С башни они, конечно, глаз не спускали, но дозорные притаились где-то в тени, невидимые и неслышные. Другие все ушли на север и как в воду канули, а мы остались сами по себе. Денек выдался мрачный; мы бродили, осматривались и хоронились, как умели, от всевидящих и зловещих окон Ортханка. Искали мы хоть чего-нибудь поесть, ничего не находили, присаживались отдохнуть в укромном местечке и заглушали голод разговорами о том, каково-то воюют на юге, в Ристании, и как нынче дышится прочим разнесчастным Хранителям. Время от времени доносилось, будто с каменоломни, гулкое громыханье, и глухо рушились глыбы, раскатывая эхо в горах.

Под вечер мы отправились взглянуть, что там такое делается. Угрюмый лес гворнов вырос у края долины; другой подступил с северо-востока к изенгардскому кольцу. Подойти ближе мы не отважились, только послушали издали треск, грохот и шумы стройки. Онты и гворны копали пруды и канавы, возводили дамбы: скапливали воды Изена, родников, ручьев и речушек. Мы им мешать не стали.

В сумерках Древень явился к воротам. Он ухал, гудел и, кажется, был доволен. Вытянул свои длиннющие руки, размял ноги и продышался. Я спросил его, уж не устал ли он.

"Устал? - повторил он. - Не устал ли я? М-да, нет, не устал: так, разве что заскорузнул. Сейчас бы испить как следует водицы из Онтавы. А вот поработали мы на славу: перебросали камней и разворотили земли больше, чем лет эдак за сто. Зато, почитай что, и кончили дело. Вы ночью-то держитесь подальше от ворот и от этого, как его, туннеля! Вода оттуда хлынет - поначалу гнилая, мутная, пока не вымоет все пакости Сарумана, а уж потом Изен прикатит чистые, свежие воды". Он еще немного постоял, ковыряя стену и так себе, для развлечения, обрушивая стопудовые обломки.

Мы принялись выбирать место, где бы это поспокойней улечься и вздремнуть, но тут пошли диковинные дела.
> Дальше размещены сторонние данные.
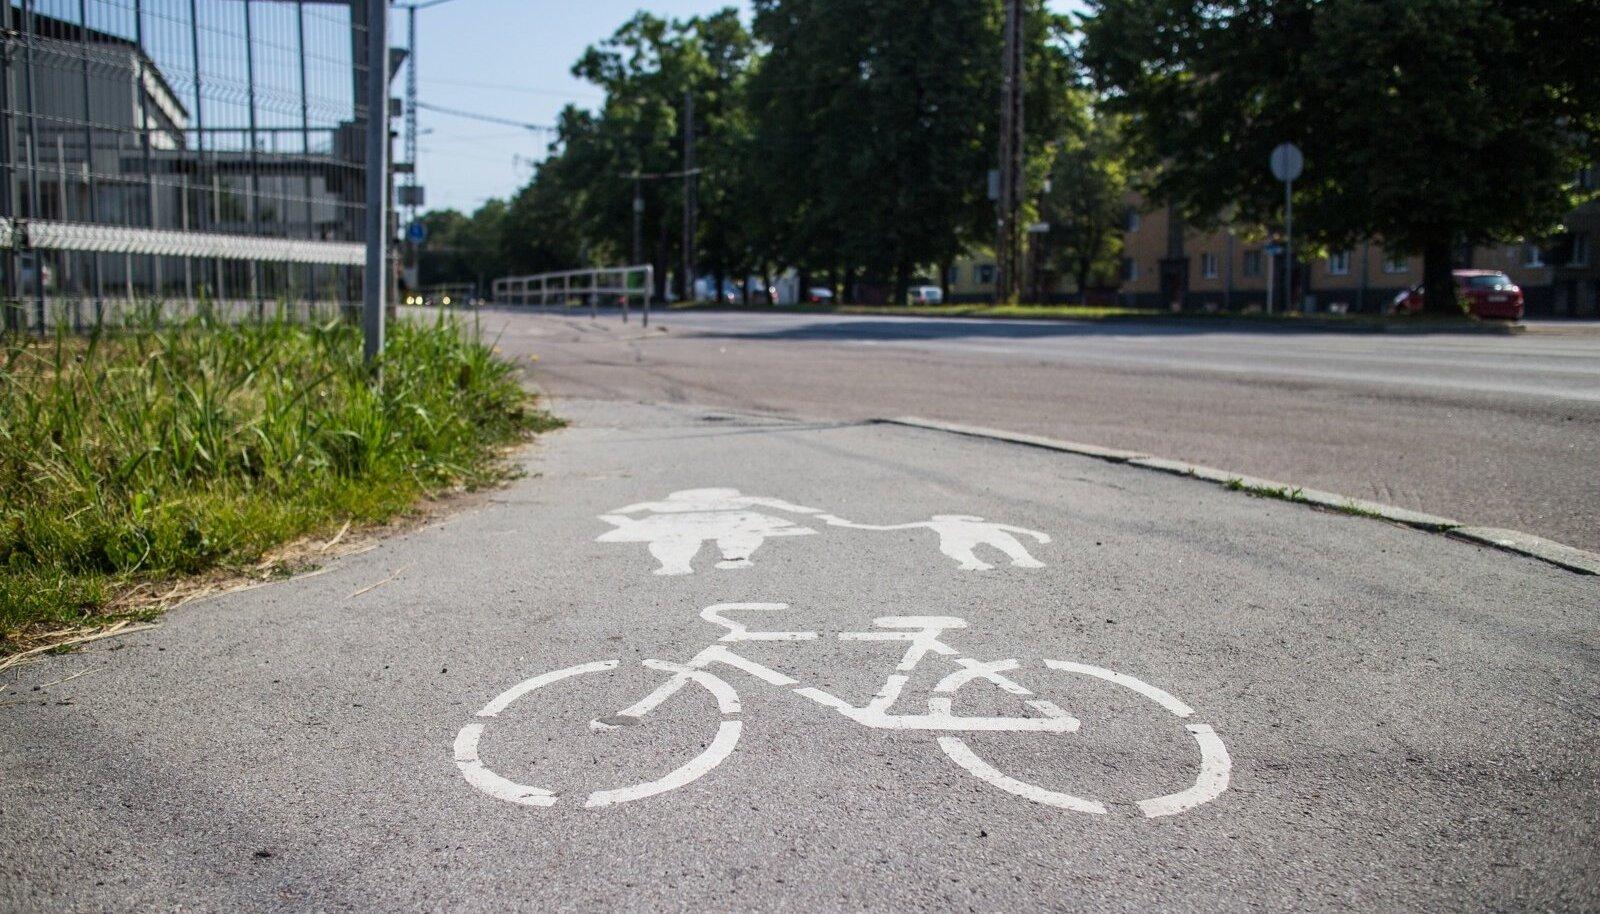 Paldiski maanteel, trollipargi juures kahaneb rattatee väga kitsaks. Sinna kaks ratast kõrvuti ära ei mahuks.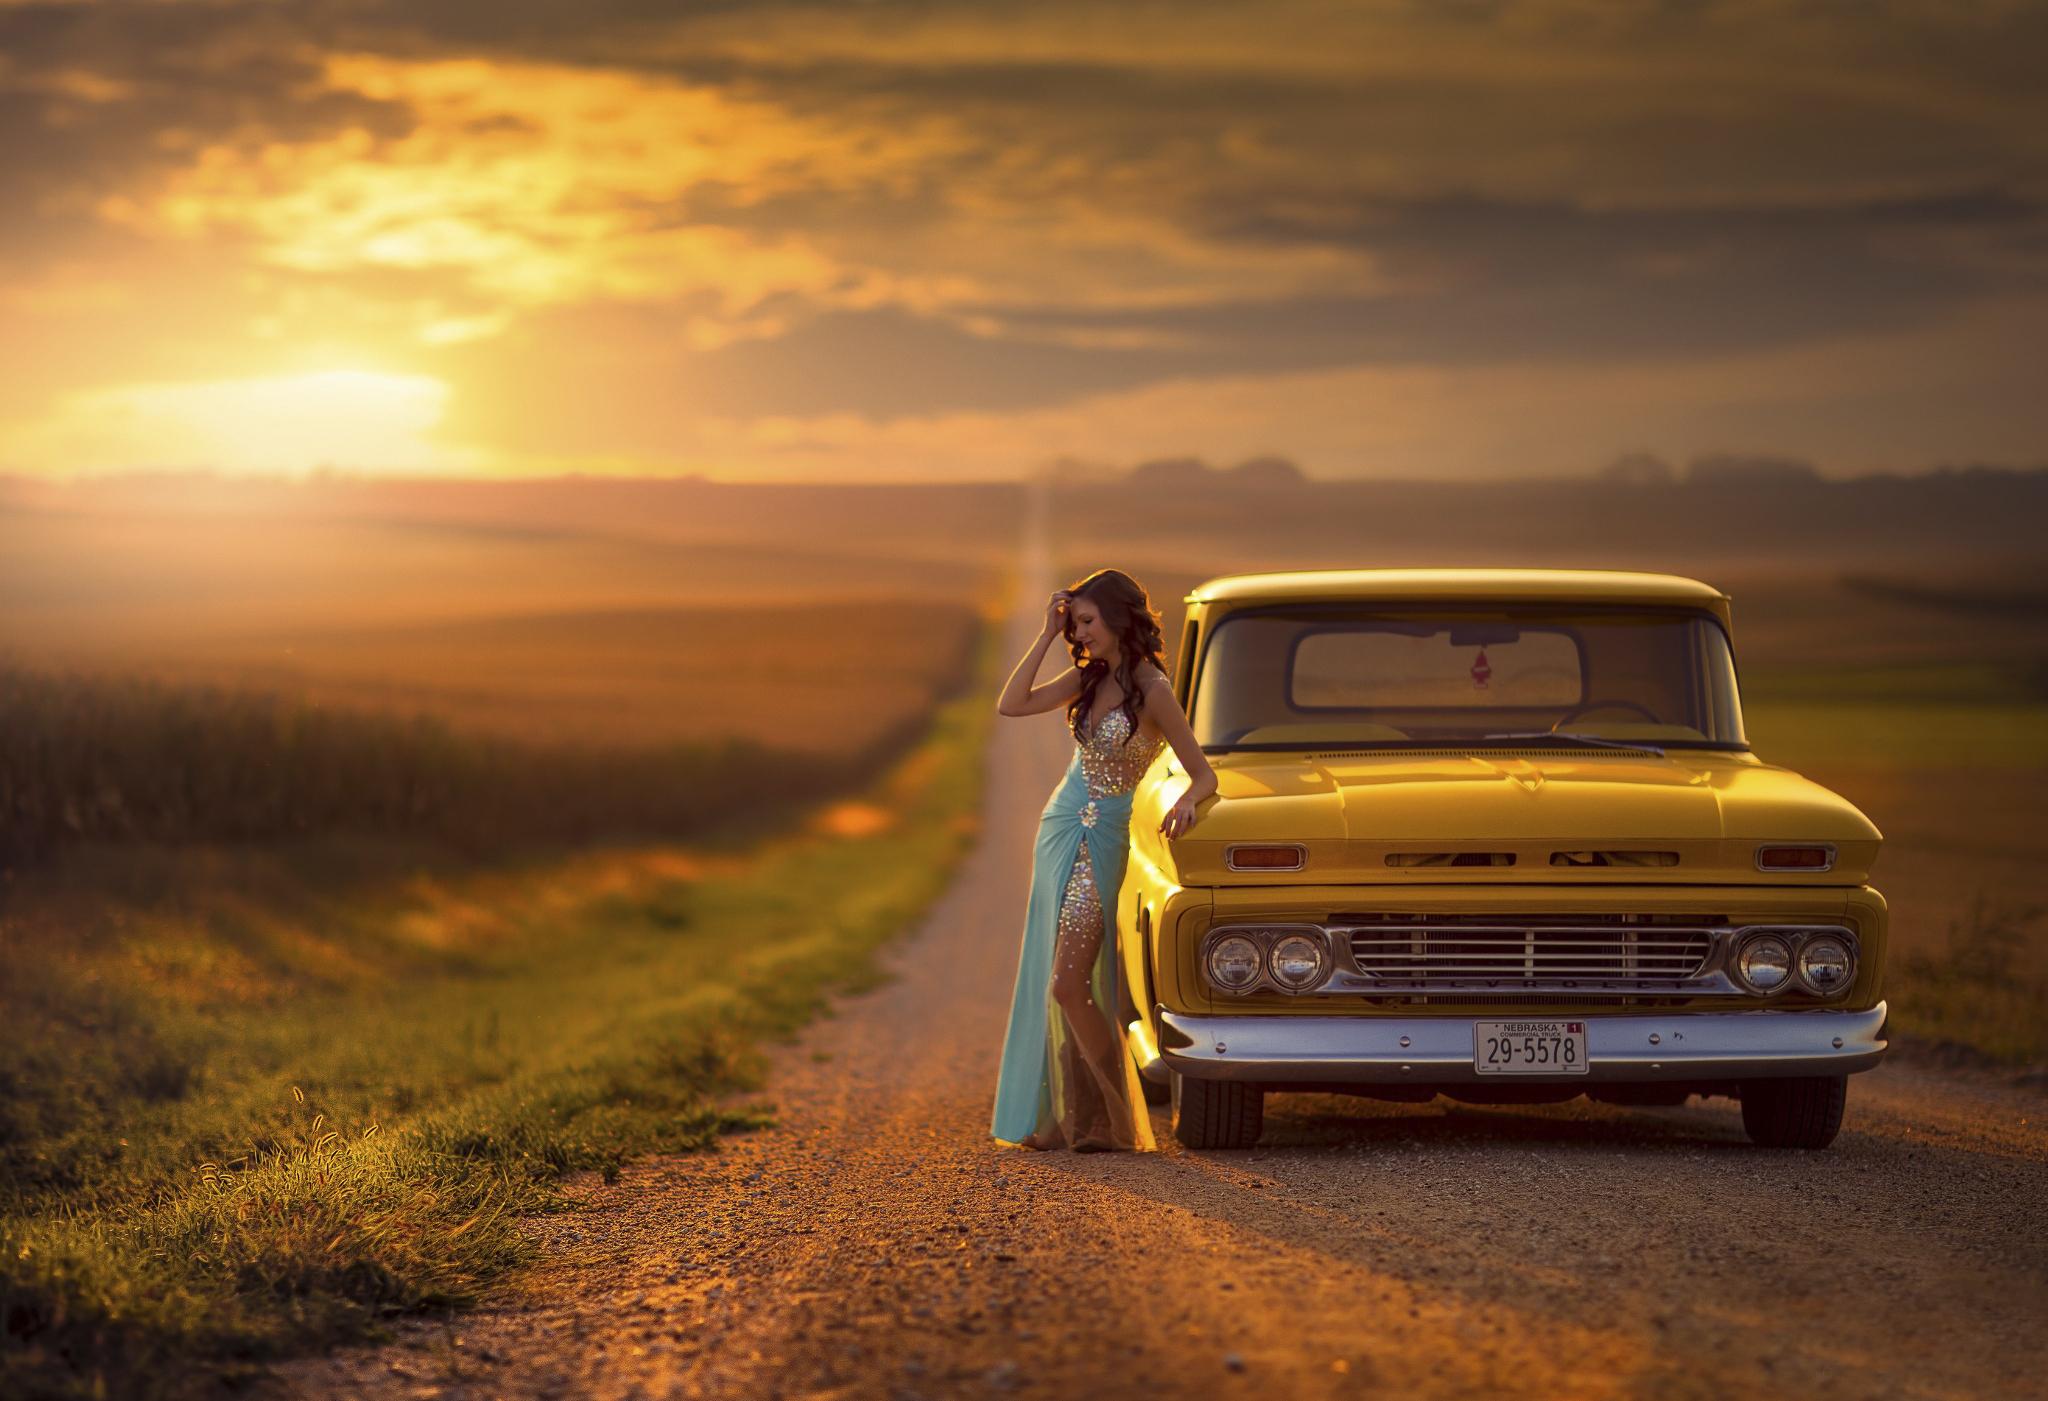 Старый автомобиль в поле  № 2341354 бесплатно

Раздался стук копыт: всадник мчался по дороге. Мы с Мерри залегли, а Древень укрылся в тени под аркой. Выскочил огромный конь, точно серебро заблистало. Темно уже было, но я разглядел лицо всадника: оно как будто светилось, и он был в белом облачении. Я сел и уставился на него разиня рот. Хотел позвать, да язык не слушался.

Но звать не понадобилось. Он стал рядом и глядел на нас. "Гэндальф!" - выговорил я наконец едва слышным шепотом. Вы думаете, он сказал: "Ах, Пин, привет! Какая приятная встреча!"? Как бы не так! Он гаркнул: "Вставай, лодырь-бездельник Крол! Куда, разрази вас гром, подевался в этой каше Древень? Мне он сейчас же нужен. Сыщи его, да поживее!"

Древень заслышал его голос и вышел на свет: вот встретились так встретились! Меня, главное, поразило, что им хоть бы что. Гэндальф наверняка здесь и искал Древня, а тот, поди, затем и торчал у ворот, чтобы его встретить. А я-то старику рассказывал-разливался про Морию и тому подобное. Помнится, правда, он странным глазом на меня при этом глядел. Только и остается думать, что он то ли виделся с Гэндальфом, то ли что о нем прослышал, да не торопился рассказывать. У него первое дело: "Спешить не надо: поспешишь - людей насмешишь"; но спеши не спеши, а эльфы и те за Гэндальфом не поспеют.

"Кгум! Вот и ты, Гэндальф! - проговорил Древень. - Ты как раз вовремя явился. Вода, деревья, камни, скалы - это мне все под силу; а тут засел маг, и я не знаю, как быть".

"Вот что, Древень, - сказал Гэндальф. - Мне, понимаешь ли, нужна твоя помощь. Ты и так много сделал, но этого мало. Мне надо как-то разобраться с десятком тысяч орков".